Writing for the majority, Justice  Mike McGrath stated, “Clearly the impact of unlimited corporate donations creates a dominating impact on the political process and inevitably minimizes the impact of individual citizens.” The Court ruled that various factors—a history of citizens fighting corporate corruption, political traditions of low-budget campaigning, and the vulnerability of judicial elections to corporate spending—were sufficiently compelling to preserve the century-old ban on corporate spending. It said it wanted Montana to remain a state where candidates run low-budget, personal campaigns and do not rely on anonymous, well-financed messaging from outsiders.

Even a dissenting judge, James C. Nelson, who opposed the ruling only because he felt bound to defer to the U.S. Supreme Court, lashed out at the Citizen United's decision. "I do not have to agree with the [U.S.] Supreme Court’s decision," he wrote, "And, to be absolutely clear, I do not agree with it. ... The truth is that corporations wield enormous power in Congress and in state legislatures. It is hard to tell where government ends and corporate America begins: the transition is seamless and overlapping."

Montana has a long history of dealing with corporate power. In the early 20th century, when copper companies dominated the state, Anaconda Co. controlled judges, legislators and newspapers, prompting the people to fight back with the legislation that the Court has now defended.

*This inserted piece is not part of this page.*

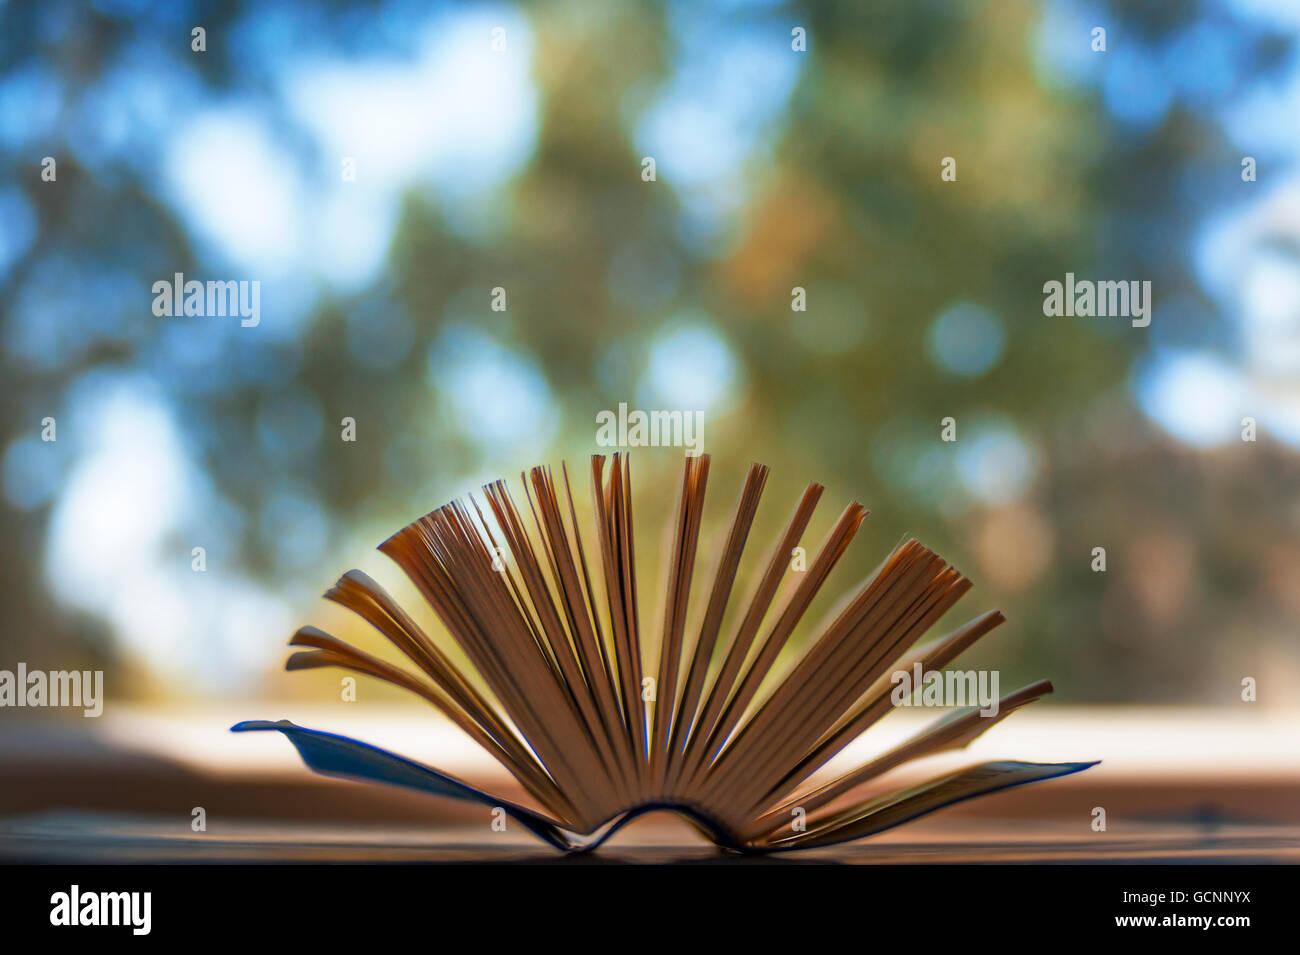 Pequeño libro primer plano con páginas abiertas y bokeh de fondo. Foto de stock

I will leave the last word to Justice Nelson: "Corporations are not persons. Human beings are persons, and it is an affront to the inviolable dignity of our species that courts have created a legal fiction which forces people—human beings—to share fundamental, natural rights with soulless creatures of government. Worse still, while corporations and human beings share many of the same rights under the law, they clearly are not bound equally to the same codes of good conduct, decency and morality, and they are not held equally accountable for their sins. Indeed, it is truly ironic that the death penalty and hell are reserved only to natural persons."